The Company imports toys and other products from China and distributes them to retailers around New Zealand. In late 2016 it sold nearly 1200 units of a toy baby buggy set and a baby rattle.

Choking hazard
Commerce Commission Commissioner Anna Rawlings said that when tested, small plastic fragments broke free from the buggy and rattle, creating a choking hazard for children up to three years of age.

“That means the toys did not comply with the mandatory safety standard for children’s toys,” she said.
The Commission wrote to Mega Import in late December 2016 and it immediately recalled the two toys. The director of Mega Import told the Commission he had not seen the Standard.
“Toys that are manufactured for use by children under 3 need to comply with product safety laws so that they don’t pose a choking risk, or risk of some other kind of injury. If toy suppliers do not ensure their products comply, they put their business at risk of prosecution, and their customers at risk of much worse,” Ms Rawlings said.

Highly Careless
In sentencing, Judge Mary-Beth Sharp said the offending was “highly careless” but not willful or deliberate.

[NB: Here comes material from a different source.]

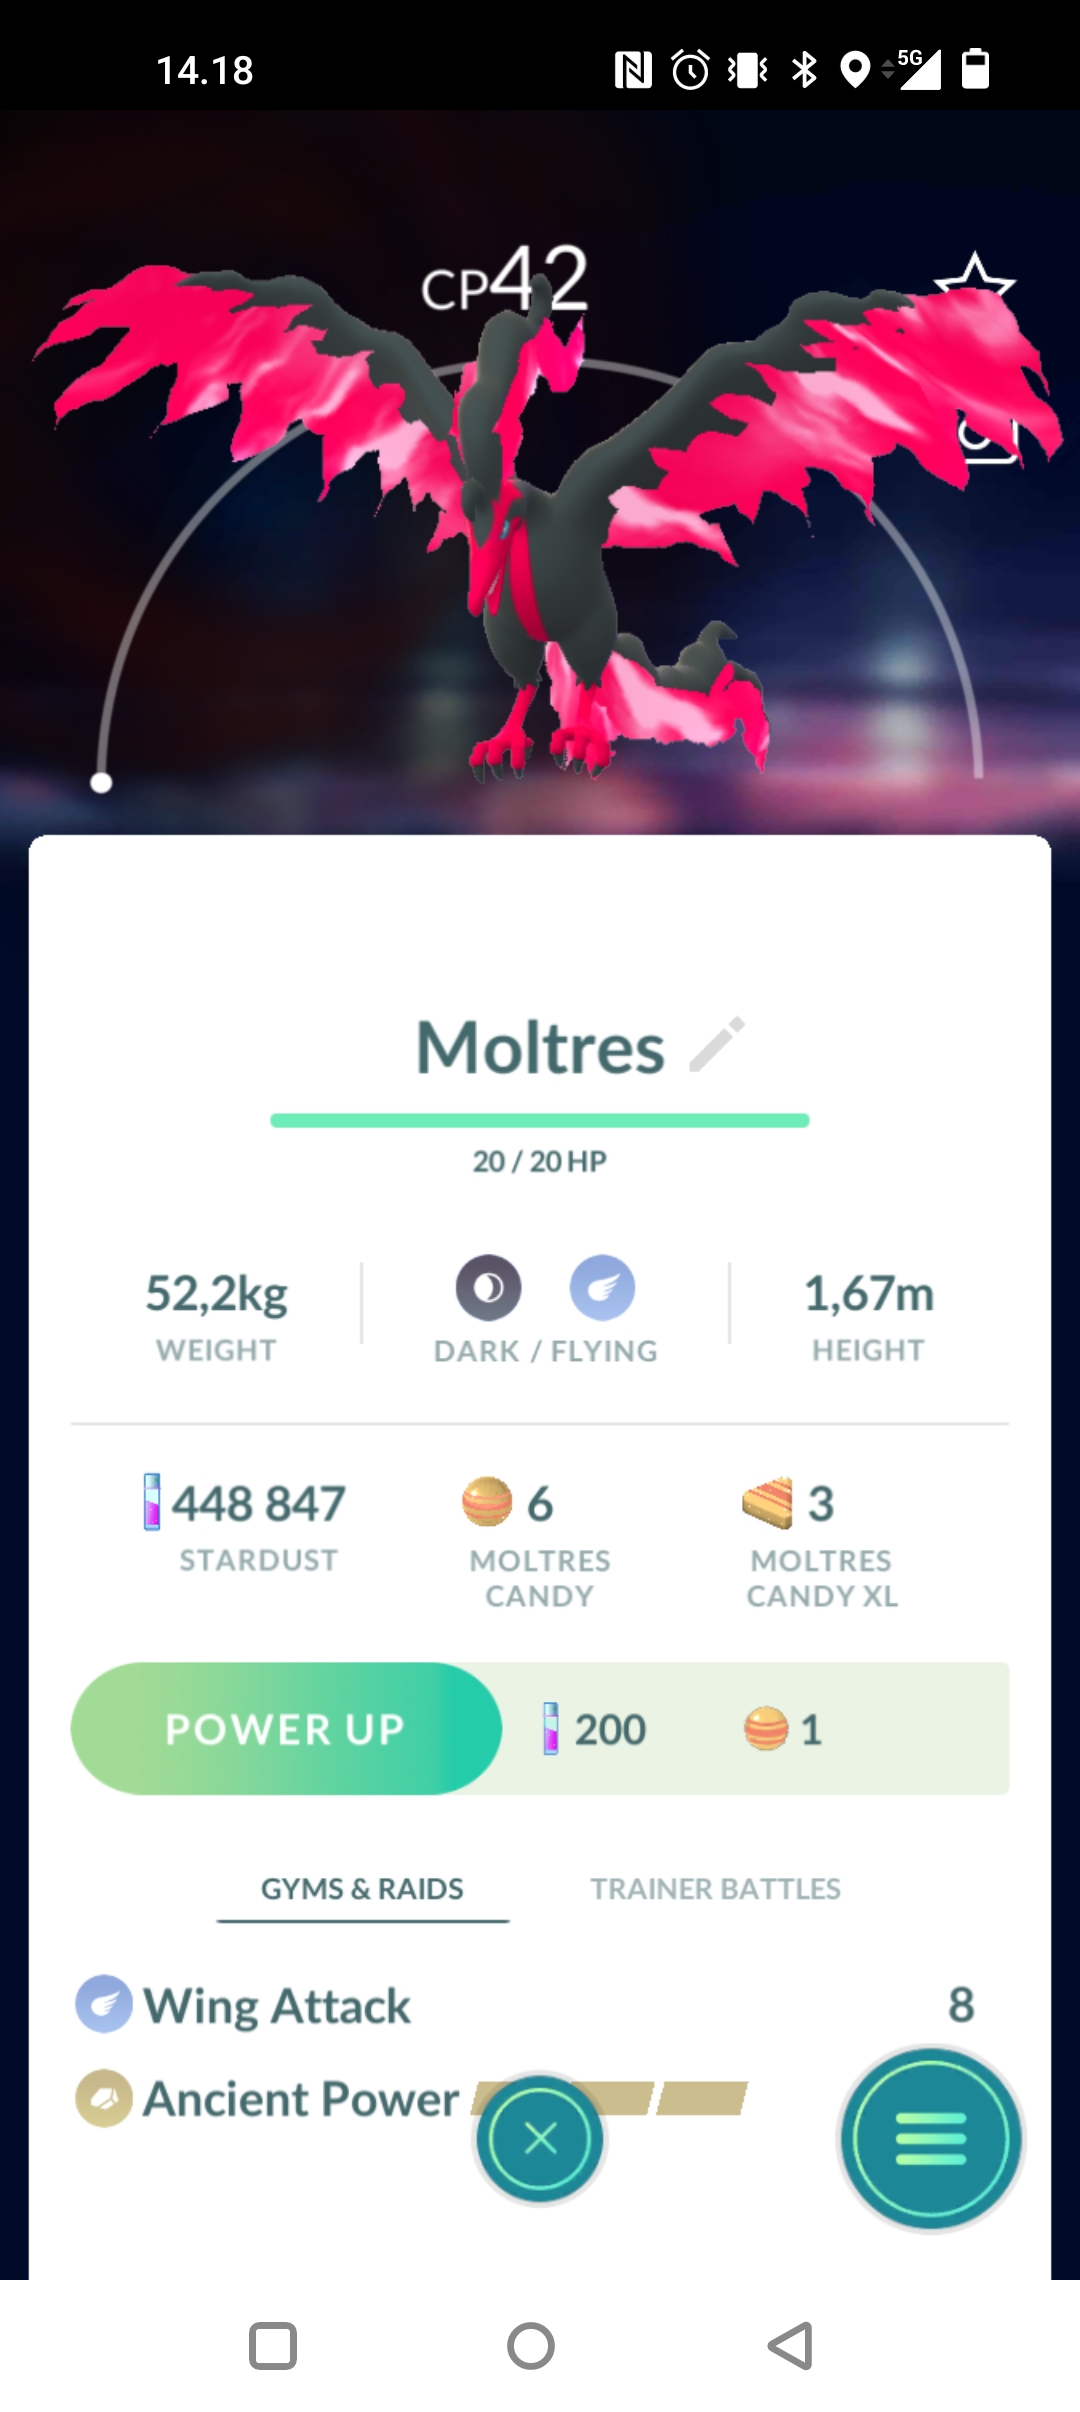 Is a level one galarian moltres actually a flex despite the low cp

“It is a mercy that no child has been injured so far, but with the products in the hands of innocent members of the public, there is potential for serious injury to be caused to young children playing with the goods,” she said.

She said traders who wish to live and trade in New Zealand “must make themselves conversant with the legal framework in which trading takes place”, and if they do not know it they “must employ an expert who does.”
The Commission’s prosecution of Mega Import arose from unannounced visits to retailers in the Manawatu/Wanganui region in late 2016.

Enduring Priority
“Product safety is an enduring priority for the Commission. In the past two years we have inspected more than 200 premises in 16 towns and cities across the country, and we are continuing to visit retailers and suppliers to monitor compliance with safety requirements,” Ms Rawlings said.
Any consumers who still possess the rattle or buggy should return them to their retailer.
Background
The Commission enforces mandatory safety standards for six products: baby walkers, children’s nightwear, children’s toys, cigarette lighters, household cots and pedal bicycles.

The Standard for children’s toys aims to reduce the risk or injury or death to young children by ensuring that toys intended for their use are not so small, or do not have parts so small, that they could be swallowed or ingested causing choking.
Compliance with the Standard is mandatory under the Product Safety Standards (Children’s Toys) Regulations 2005.